As used herein, the term “data processing routine parameters” refers to a definitive set of computational coefficients, thresholds, and transformation rules that govern the execution of data processing routines used in generating the operational profile of the battery pack for an electric vehicle. Further, the parameters establish the operational behavior of quantization, temporal filtering, and frequency-domain analysis algorithms applied to real-time and historical vehicle parameters. Specifically, the data processing routine parameters include quantization parameters such as, but not limited to, fixed-point bit-widths and quantization intervals, thereby dictating the resolution and scaling applied during signal compression.

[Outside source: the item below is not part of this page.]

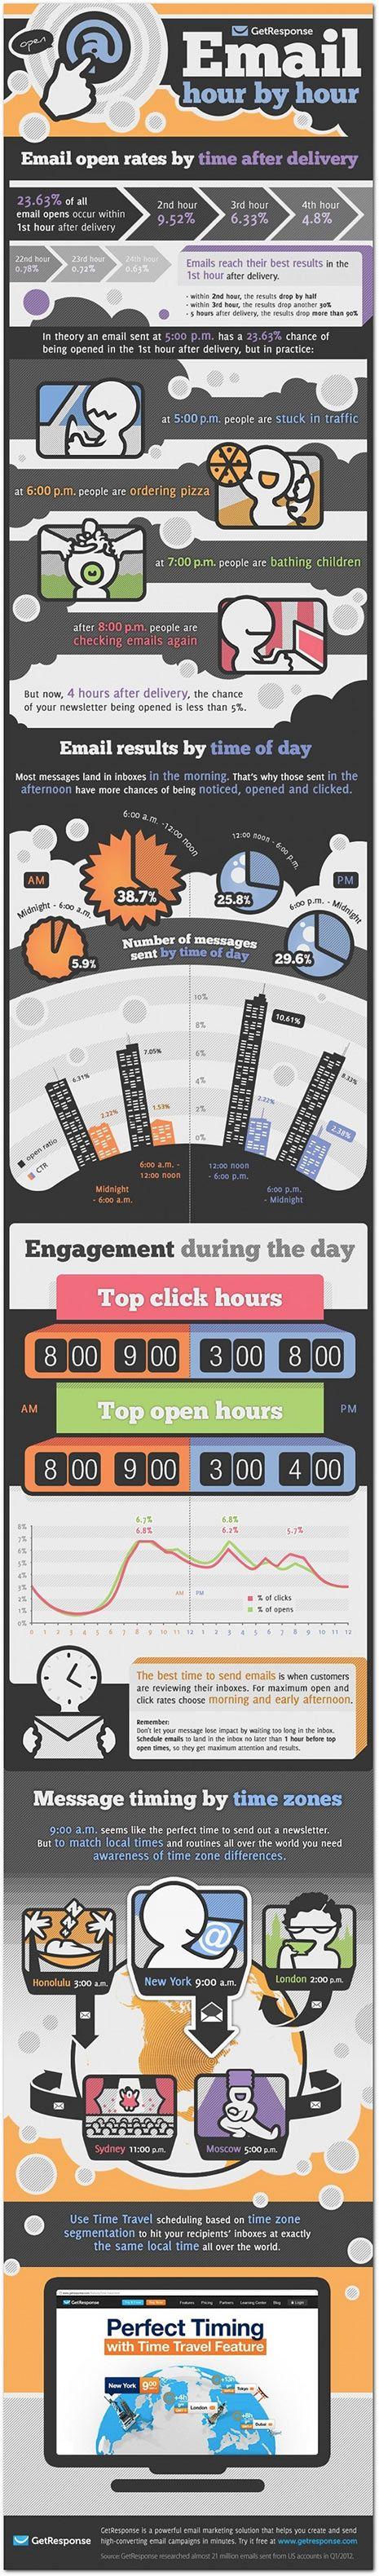 Las mejores y peores horas para enviar un email #infografía

Furthermore, additional parameters include sliding-window sizes, temporal deviation thresholds for consistency filtering, and spectral feature extraction settings such as frequency resolution and windowing functions used during frequency-domain transformation. Moreover, during iterative retraining, the data processing routine parameters are adaptively updated based on the statistical characteristics of computed frequency-domain attributes, enabling optimization of model performance with respect to evolving vehicle dynamics. Additionally, the types of data processing routine parameters include but are not limited to static configuration parameters for initial arrangement deployment, dynamic adaptation parameters adjusted during runtime based on operational state variables, and learning parameters such as step sizes or convergence criteria used during retraining cycles. The parameters enhance the system’s ability to accurately encode, filter, and extract meaningful patterns from vehicular data streams in real time.

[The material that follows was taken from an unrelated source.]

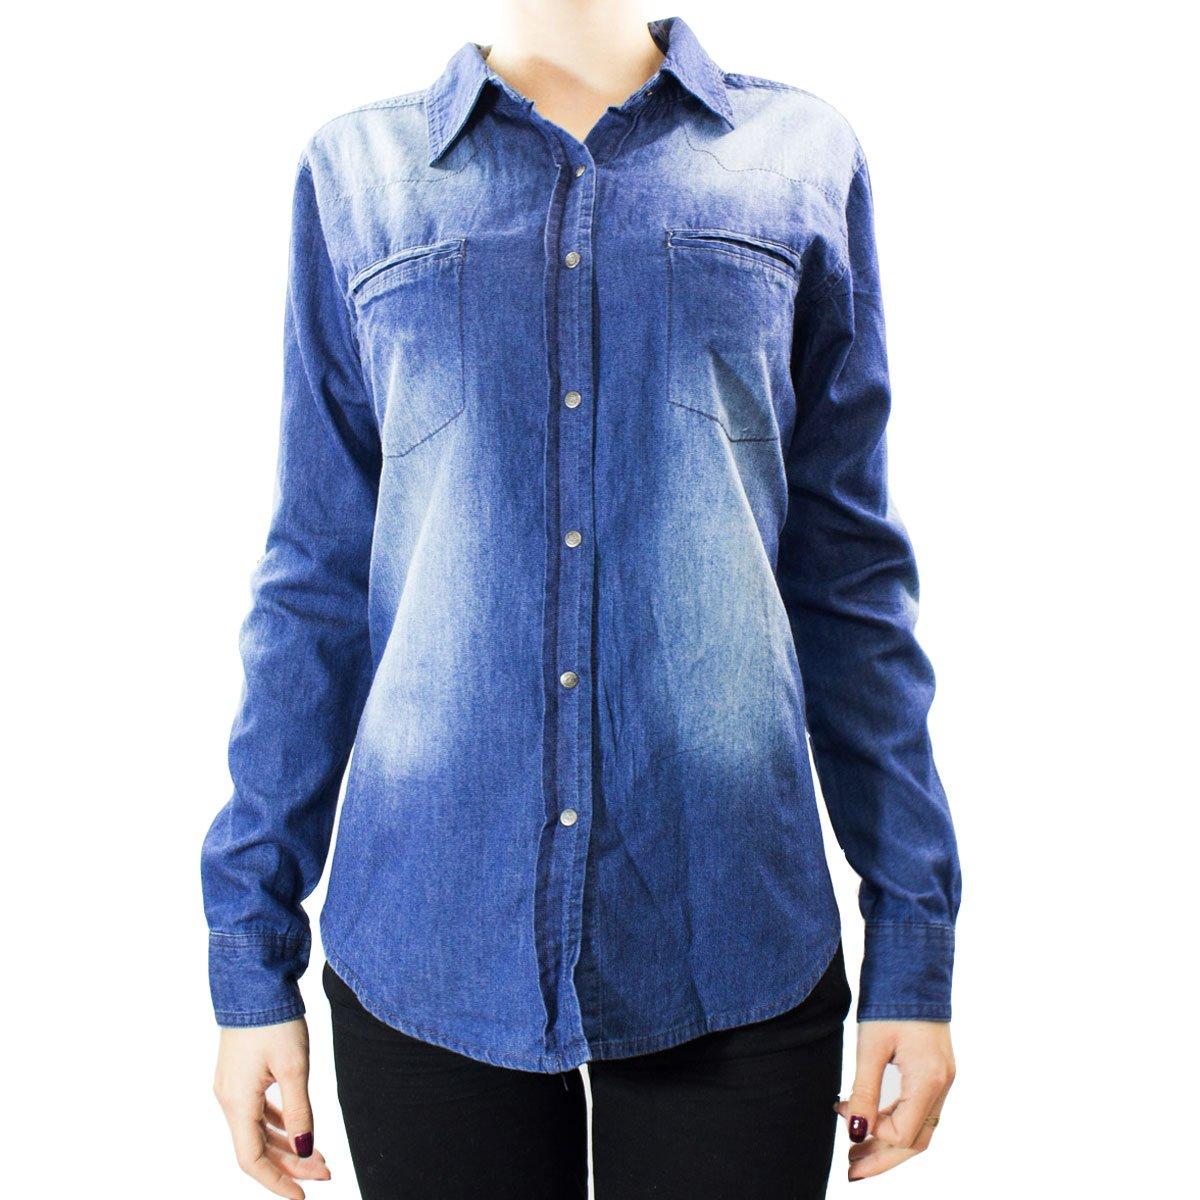 4d60d7d351 Bizz Store - Camisa Jeans Feminina Mosaico Manga Longa

In accordance with a first aspect of the present disclosure, there is provided a system for generating an operational profile for a battery pack of an electric vehicle, the system comprising:
- a sensing module operatively coupled to a plurality of vehicle subsystems and the battery pack, and configured to acquire real-time vehicle parameters from the plurality of vehicle subsystems and the battery pack;
- a memory module operatively coupled to the sensing module and configured to store real-time vehicle parameters acquired from the sensing module and historical vehicle parameters collected from past operational cycles of the vehicle; and
- a processing unit operatively coupled to the memory module and configured to execute at least one data processing routine, the data processing routine comprising:
- quantizing real-time vehicle parameters received from the memory module;
- applying a temporal consistency filtering to the quantized real-time vehicle parameters; and
- extracting a plurality of frequency-domain attributes from the filtered real-time vehicle parameters,
wherein the processing unit iteratively retrains the data processing routines within the memory module based on the plurality of frequency-domain attributes extracted from the real-time vehicle parameters and the historical vehicle parameters.

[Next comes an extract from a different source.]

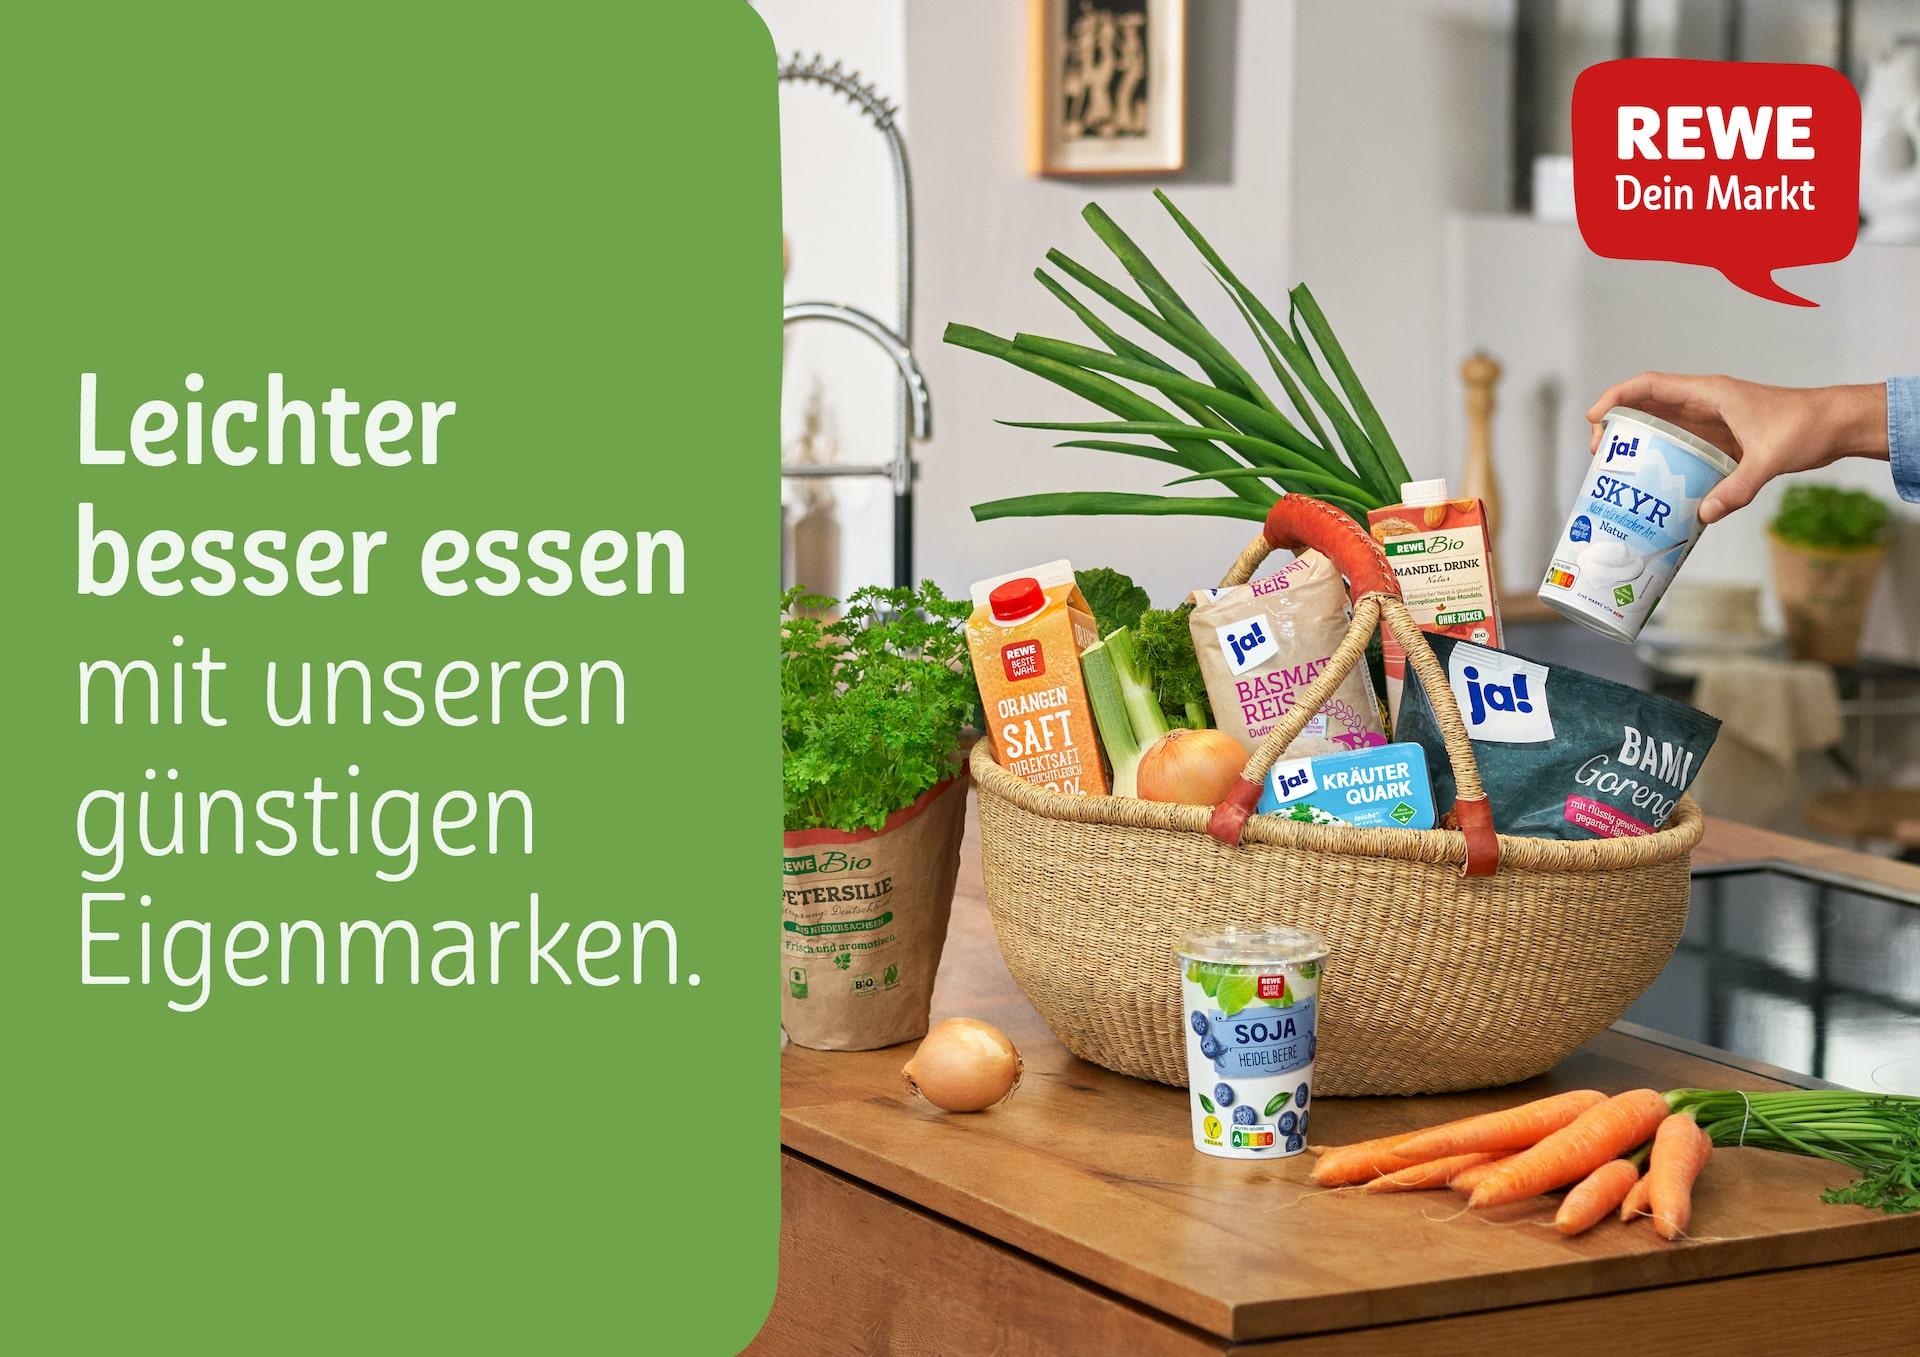 REWE_Q1_Eigenmarken-Max_Threlfall_Greta_Horsch

Referring to figure 1, in accordance with an embodiment, there is described a system 100 for generating an operational profile for a battery pack 102 of an electric vehicle 104 is described. The system 100 comprises a sensing module 106 operatively coupled to a plurality of vehicle subsystems 108 and configured to acquire real-time vehicle parameters from the plurality of vehicle subsystems 108. Further, the system 100 comprises a memory module 110 operatively coupled to the sensing module 106 and configured to store real-time vehicle parameters acquired from the sensing module 106 and historical vehicle parameters collected from past operational cycles of the vehicle 104. Furthermore, the system 100 comprises a processing unit 112 operatively coupled to the memory module 110 and configured to execute at least one data processing routine. Moreover, the data processing routine comprises quantizing real-time vehicle parameters received from the memory module 110. Additionally, the data processing routine comprises applying a temporal consistency filtering to the quantized real-time vehicle parameters. Subsequently, the data processing routine comprises extracting a plurality of frequency-domain attributes from the filtered real-time vehicle parameters. Consequently, the processing unit 112 is configured to iteratively retrain the data processing routines within the memory module 110 based on the plurality of frequency-domain attributes extracted from the real-time vehicle parameters and the historical vehicle parameters.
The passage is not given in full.